La guerra dell’informazione
Lo scontro in Nagorno Karabakh rappresenta un caso paradigmatico di information warfare. Da tempo azeri e armeni affiancano alle operazioni sul campo, vere e proprie campagne di disinformazione tese a diffondere o smentire notizie false create ad arte per screditare il fronte avversario. Tale scontro ha raggiunto il suo apice durante i 44 giorni di guerra nel 2020 quando la disinformazione era tale da impedire la comprensione di cosa stesse realmente accadendo sul terreno. Con lo scoppio della guerra in Ucraina e il riaccendersi delle tensioni nella regione, sono ricominciate anche le feroci campagne mediatiche mirate stavolta a sfruttare la tragedia in corso per attaccare o isolare il nemico.
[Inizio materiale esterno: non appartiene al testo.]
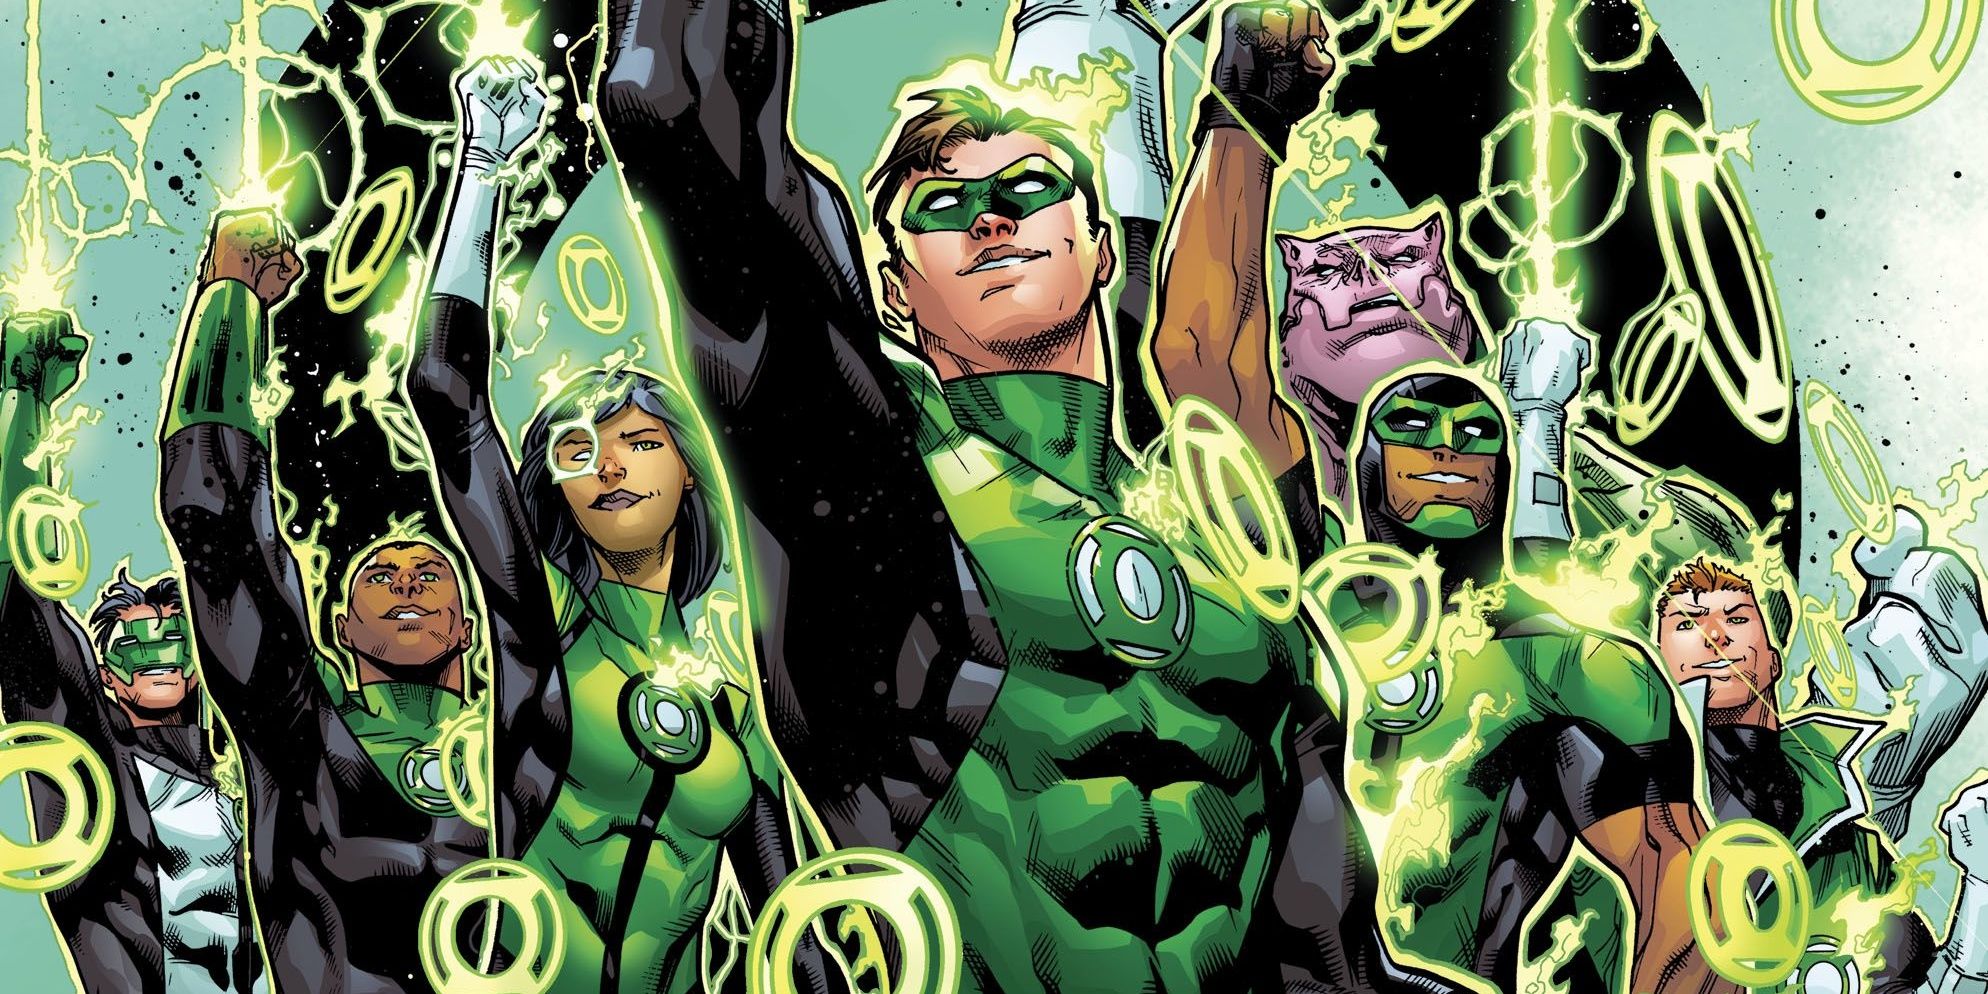 Green Lanterns Kyle Rayner, John Stewart, Jessica Cruz, Hal Jordan, Simon Baz, Kilowog and Guy Gardner from DC Comics

In questo contesto complesso, un passo falso lo ha fatto proprio il Parlamento dell’Ucraina quando, il 25 marzo scorso, ha pubblicato sulla sua pagina Twitter ufficiale un messaggio di supporto per l’avanzata degli azeri in Nagorno Karabakh. Tale messaggio, subito cancellato a seguito delle proteste dell’ ambasciatore armeno in Ucraina Karapetian, ha dimostrato come il Nagorno Karabakh rischi di diventare solo un altro fronte della guerra in Ucraina mirato a indebolire la Russia. Un pensiero simile è stato espresso nei giorni scorsi anche dal Segretario del Consiglio di sicurezza e difesa ucraino Danilov, il quale ha parlato di come l’apertura di nuovi fronti, dalle Curili al Nagorno Karabakh, potrebbe favorire militarmente il suo paese. In questo scenario instabile, occorre tenere presente anche la posizione della Turchia, negoziatore privilegiato del conflitto in Ucraina, e da sempre vicina politicamente e militarmente sia agli ucraini che agli azeri.
Rimane complicato pensare che Ankara, di solito ben informata sui propositi militari di Baku, non sapesse nulla dell’avanzata di azera di questi giorni. Ciò complica ancora più il quadro e segnala come reale il rischio che anche i civili in Nagorno Karabakh, già spezzati da decenni di violenze e sofferenze, finiscano come pedine nella partita che oppone la Russia all’Ucraina e all’Occidente.
Le intenzioni di Baku, a detta degli armeni, sarebbero quelle di spingere le persone a lasciare la regione per poter avanzare e annettere le zone ancora sotto controllo armeno. Ad avvalorare la tesi dell’atto premeditato è stato anche l’Ombudsman del Nagorno Karabakh, il quale ha accusato pubblicamente gli azeri di impedire l’accesso dei tecnici inviati per riparare il gasdotto. Le accuse armene sono state prontamente smentite dall’Azerbaijan che ha negato ci fossero intenti bellicosi dietro l’accaduto. Al blocco delle forniture di gas sono seguiti ripetuti scontri a fuoco tra azeri e forze territoriali di difesa armene accompagnati dalle solite reciproche accuse di voler provocare un’escalation nella regione.